Peter's Vision: About People, Not Food
Why Acts 10 doesn't abolish clean and unclean food distinctions
The Question
In Acts 10, Peter receives a vision with a sheet full of animals and a voice saying "kill and eat." Many interpret this as God abolishing the clean/unclean food distinctions. But Peter himself tells us what the vision meant, and it wasn't about food at all.
The Vision in Context
What Peter Saw (Acts 10:9-16)
"And saw heaven opened, and a certain vessel descending unto him, as it had been a great sheet knit at the four corners, and let down to the earth: Wherein were all manner of fourfooted beasts of the earth, and wild beasts, and creeping things, and fowls of the air. And there came a voice to him, Rise, Peter; kill, and eat. But Peter said, Not so, Lord; for I have never eaten any thing that is common or unclean. And the voice spake unto him again the second time, What God hath cleansed, that call not thou common."Acts 10:11-15
What Peter Understood (Acts 10:28, 34-35)
"God hath shewed me that I should not call any man common or unclean... Of a truth I perceive that God is no respecter of persons: But in every nation he that feareth him, and worketh righteousness, is accepted with him."Acts 10:28, 34-35
Peter's Own Interpretation
Peter did not say "God showed me that all foods are now clean." He said "God hath shewed me that I should not call any man common or unclean." The sheet full of animals represented Gentile nations. God was preparing Peter to enter a Gentile home, which Jewish custom forbade, and to welcome Cornelius into the faith.
Clean and Unclean: A Creation Distinction
The distinction between clean and unclean animals did not begin at Sinai. Noah knew it over 1,600 years before Moses.
God gave Noah these instructions without explanation, indicating Noah already understood the distinction. This predates the Levitical system by over a millennium. Like the Sabbath, the clean/unclean distinction is a creation ordinance, not a ceremonial shadow.
| Creation Ordinances | Ceremonial Laws |
|---|---|
| Existed before Sinai | Given at Sinai |
| Examples: Sabbath, clean/unclean animals, marriage | Examples: Sacrifices, feast days, temple rituals |
| Reflect God's eternal design | Pointed to Christ's sacrifice |
| Still binding after the cross | Fulfilled at the cross |
Isaiah's End-Time Warning
If clean/unclean food distinctions were abolished at the cross, why does Isaiah prophesy judgment on those eating unclean food at the end of time?
Five verses later, the same chapter describes Sabbath worship in the new earth:
Diet and Sabbath appear together because both reflect God's original creation design. Neither was abolished at the cross. Both remain tests in the end times.
Common Objections
Objection: "But the voice said 'What God hath cleansed, call not thou common'"
Response
Yes, and Peter tells us what was cleansed: people, not pigs. The vision used animals as symbols for Gentile nations. God was cleansing the separation between Jew and Gentile for fellowship and gospel purposes, not declaring all animals fit for food. Peter never ate the animals in the vision. He never afterward claimed the vision changed dietary practice.
Objection: "Mark 7:19 says Jesus declared all foods clean"
Response
The phrase "purging all meats" (KJV) or "thus he declared all foods clean" (NIV) refers to the digestive process, not to abolishing food categories.
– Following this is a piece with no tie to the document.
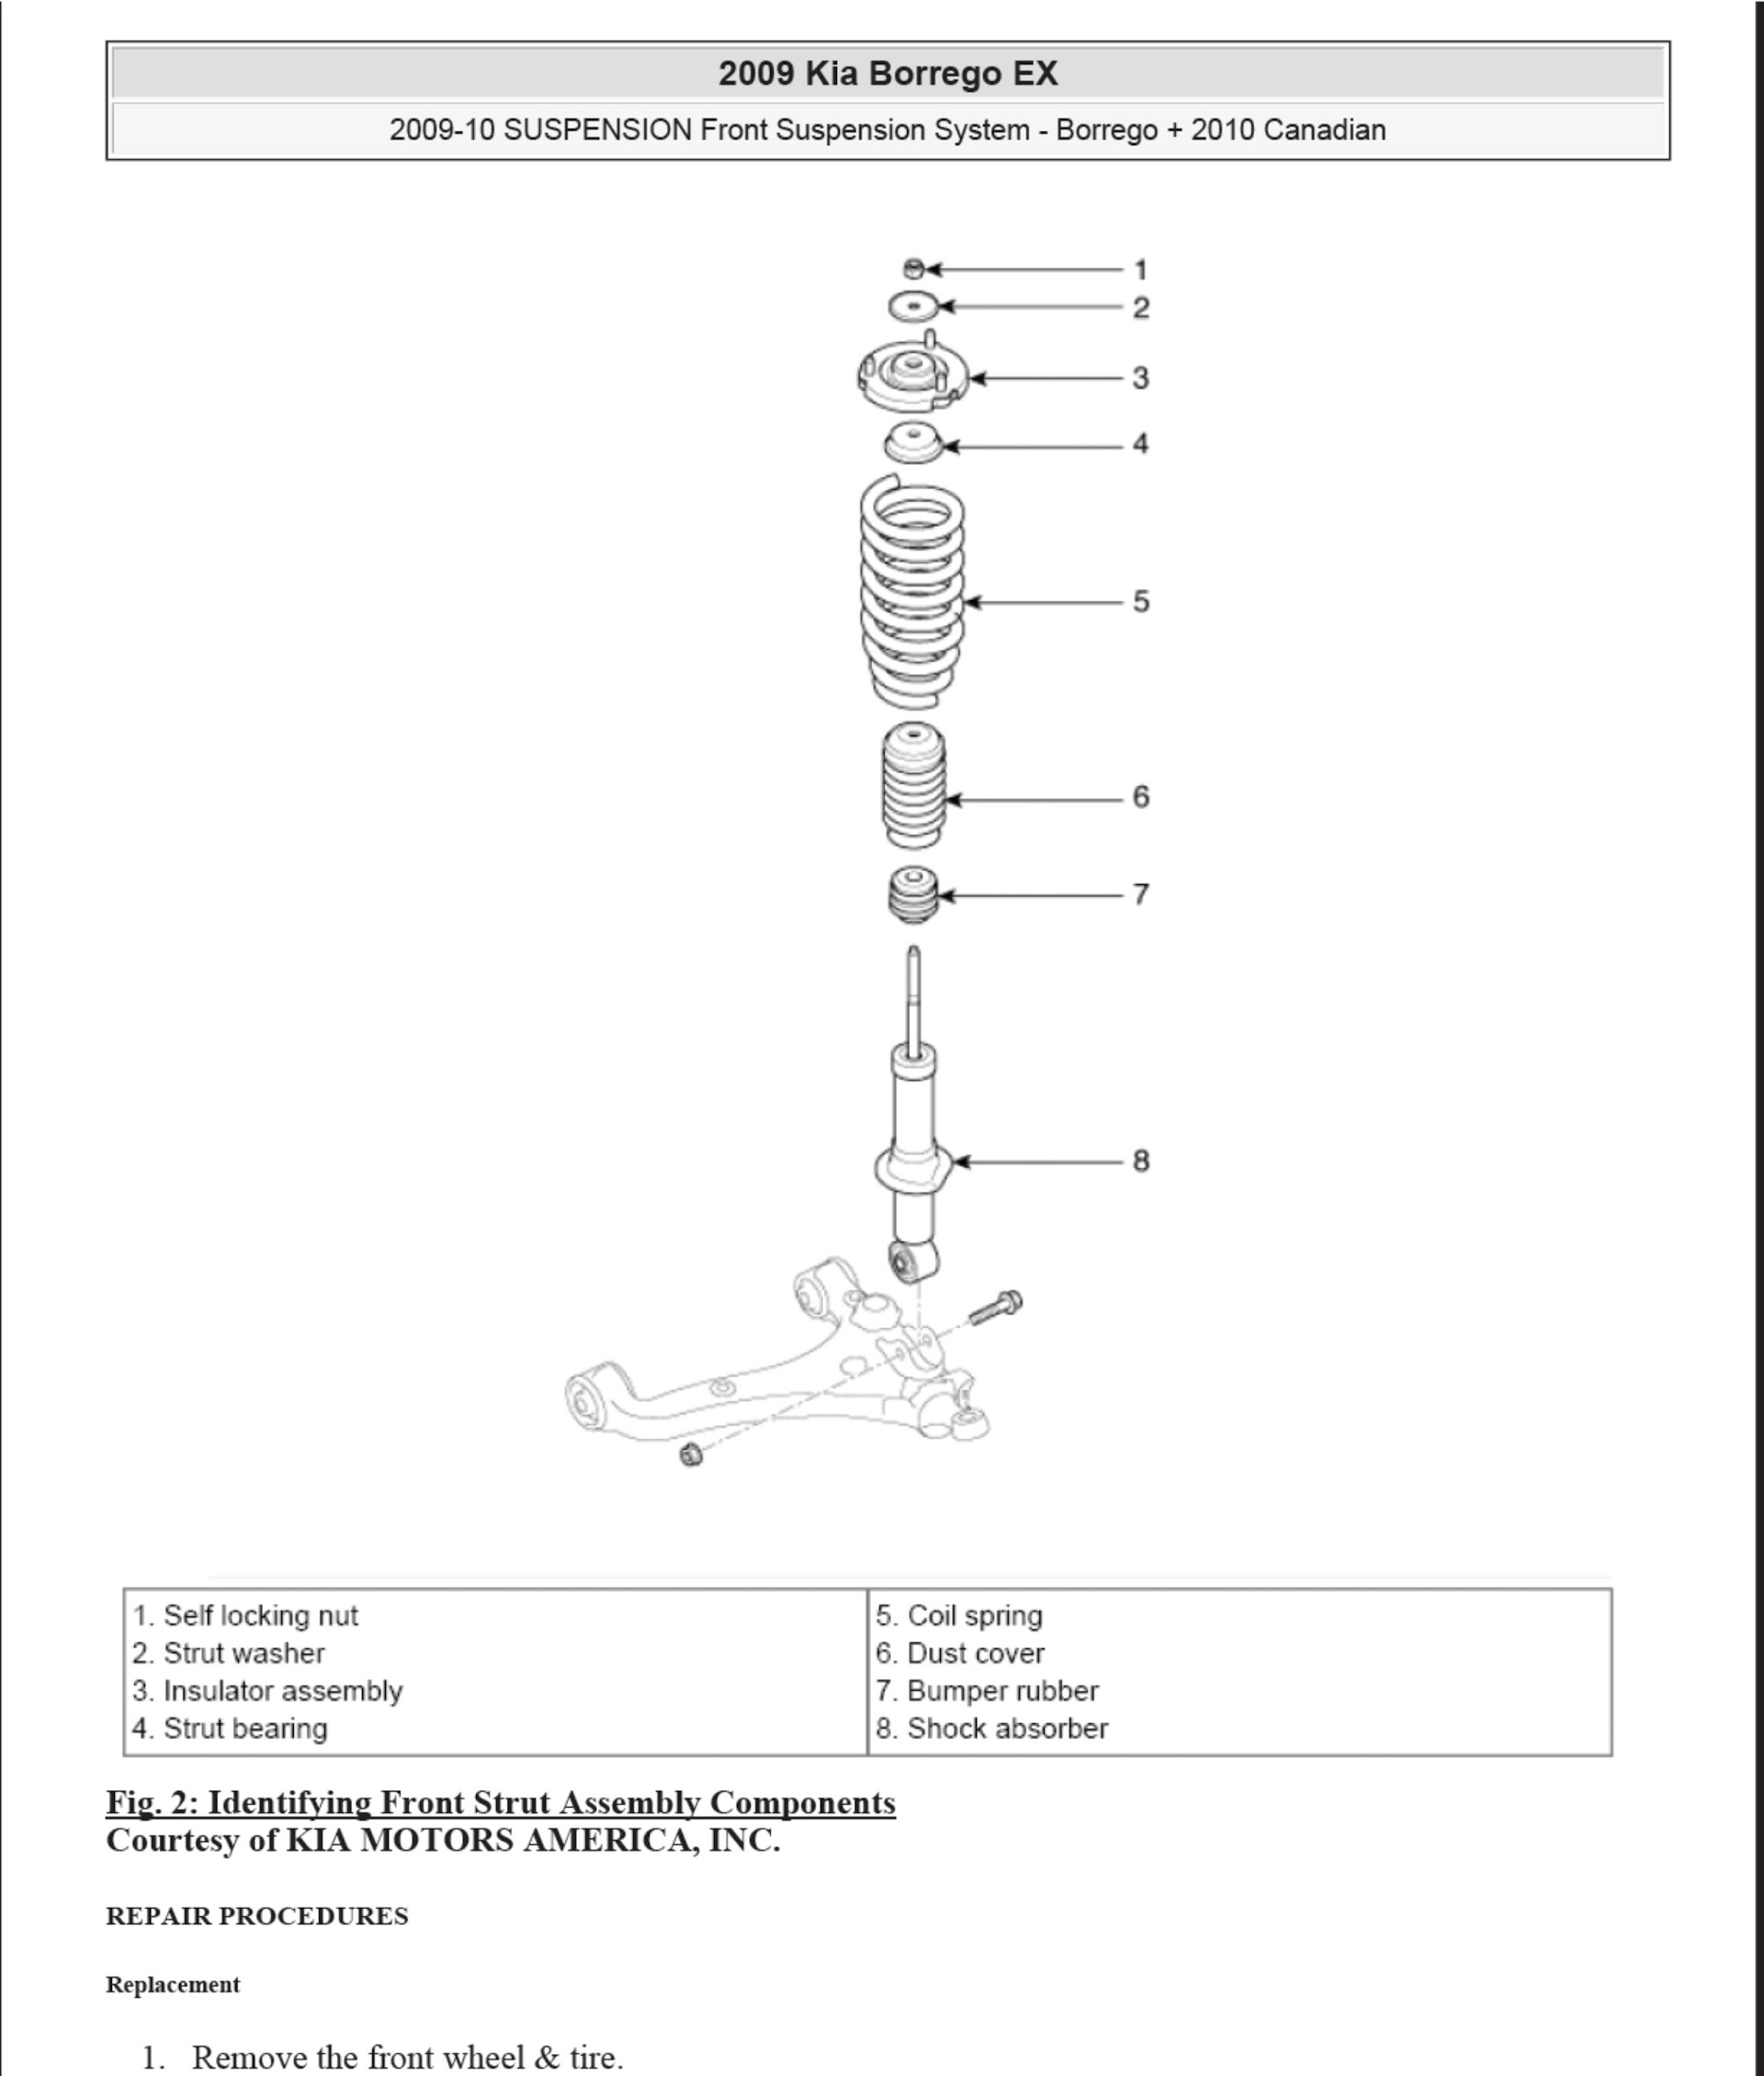 2008-2010 Kia Borrego repair manual, suspension system

Jesus was addressing hand-washing traditions, not clean/unclean distinctions. The context is ritual defilement from unwashed hands, not which animals may be eaten. If Jesus abolished food laws in Mark 7, why was Peter still keeping them years later in Acts 10?
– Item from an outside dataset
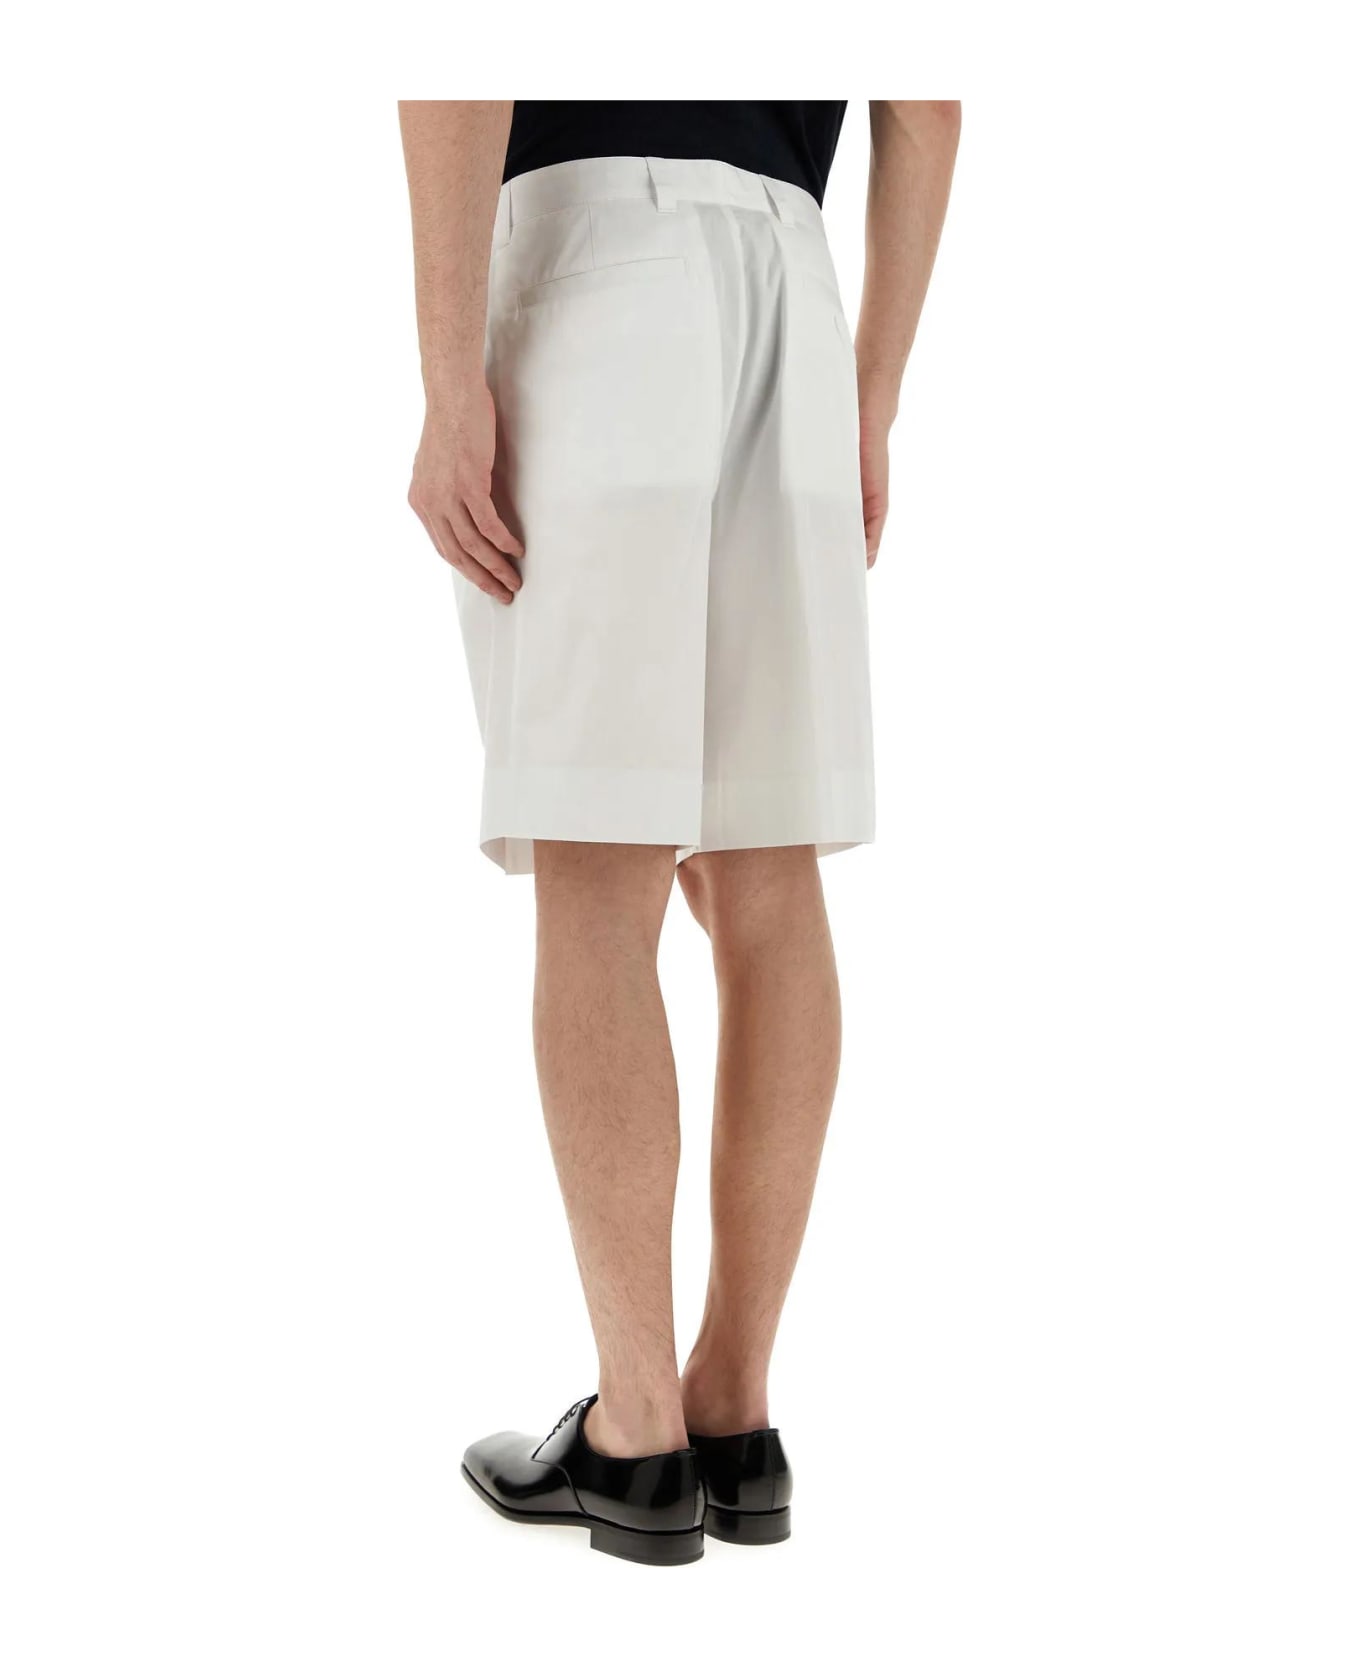 Prada White Cotton Bermuda Shorts - BIANCO

Objection: "Romans 14 says nothing is unclean of itself"
Response
Romans 14:14 uses the Greek word "koinos" (common), not "akathartos" (unclean). Paul is addressing whether food sacrificed to idols is defiled by association, not whether pigs are now kosher. The distinction between ritually common (koinos) and inherently unclean (akathartos) is significant. Peter used both words in Acts 10:14: "I have never eaten any thing that is common (koinos) or unclean (akathartos)."
The Timeline Test
Ask: When did clean/unclean begin? Does it continue into eternity?
What About the Sabbath?
The original question was: "If God changed the food laws through a vision, why didn't He give a similar vision about the Sabbath?"
The answer is now clear: God did not change the food laws through Acts 10. Peter's vision was about people, not food. The clean/unclean distinction, like the Sabbath, is a creation ordinance that predates Sinai and continues into eternity.
No vision was needed to change either one because neither was changed.
The Bottom Line
Peter's vision in Acts 10 was about welcoming Gentiles into the faith, not about abolishing dietary distinctions. Peter himself said the vision taught him not to call any man common or unclean.
The clean/unclean animal distinction predates Sinai (Genesis 7:2), continues through the cross, and remains relevant at the end of time (Isaiah 66:17). Like the Sabbath, it reflects God's original creation design.